• Collected data entries
────────────────────

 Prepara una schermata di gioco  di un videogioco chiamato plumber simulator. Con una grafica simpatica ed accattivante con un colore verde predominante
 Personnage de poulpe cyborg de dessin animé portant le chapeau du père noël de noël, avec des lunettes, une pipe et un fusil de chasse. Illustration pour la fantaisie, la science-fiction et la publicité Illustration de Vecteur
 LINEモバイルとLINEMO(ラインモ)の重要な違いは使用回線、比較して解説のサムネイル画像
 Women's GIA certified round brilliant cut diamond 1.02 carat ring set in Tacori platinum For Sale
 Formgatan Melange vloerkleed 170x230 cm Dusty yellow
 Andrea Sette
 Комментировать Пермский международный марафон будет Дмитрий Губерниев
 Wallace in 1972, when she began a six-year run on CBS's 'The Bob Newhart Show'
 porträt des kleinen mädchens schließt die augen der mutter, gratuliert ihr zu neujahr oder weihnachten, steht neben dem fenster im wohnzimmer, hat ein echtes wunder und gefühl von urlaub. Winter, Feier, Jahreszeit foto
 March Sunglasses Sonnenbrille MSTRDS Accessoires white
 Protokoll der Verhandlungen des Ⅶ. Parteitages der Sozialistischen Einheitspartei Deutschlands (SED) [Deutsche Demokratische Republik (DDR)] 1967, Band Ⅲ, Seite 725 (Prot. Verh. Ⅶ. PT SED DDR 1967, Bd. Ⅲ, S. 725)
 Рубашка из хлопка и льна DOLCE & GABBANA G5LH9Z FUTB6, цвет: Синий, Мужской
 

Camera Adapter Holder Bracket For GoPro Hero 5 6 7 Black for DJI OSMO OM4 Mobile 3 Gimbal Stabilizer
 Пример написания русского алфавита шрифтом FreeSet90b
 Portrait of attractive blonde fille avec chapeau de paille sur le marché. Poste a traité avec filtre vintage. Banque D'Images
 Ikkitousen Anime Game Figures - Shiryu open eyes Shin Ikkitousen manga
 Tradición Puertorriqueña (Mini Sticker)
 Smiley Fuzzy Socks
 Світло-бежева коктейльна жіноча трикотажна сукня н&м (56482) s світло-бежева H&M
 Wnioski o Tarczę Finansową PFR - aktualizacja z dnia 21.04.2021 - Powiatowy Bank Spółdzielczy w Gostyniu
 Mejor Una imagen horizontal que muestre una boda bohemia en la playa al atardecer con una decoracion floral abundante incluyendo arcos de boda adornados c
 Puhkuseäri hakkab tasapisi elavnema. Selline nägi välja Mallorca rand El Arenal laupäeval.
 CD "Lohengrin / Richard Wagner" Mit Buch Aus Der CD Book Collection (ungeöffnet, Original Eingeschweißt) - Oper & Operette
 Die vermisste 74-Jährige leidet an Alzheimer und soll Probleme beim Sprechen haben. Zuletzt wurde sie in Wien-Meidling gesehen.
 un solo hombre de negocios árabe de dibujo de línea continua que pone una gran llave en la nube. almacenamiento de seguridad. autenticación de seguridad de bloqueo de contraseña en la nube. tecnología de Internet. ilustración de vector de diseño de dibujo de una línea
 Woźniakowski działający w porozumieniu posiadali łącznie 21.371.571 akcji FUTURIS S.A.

────────────────────

• Task to complete
Output only the number of lines in the data above that include the word "chapeau".

• Solution
2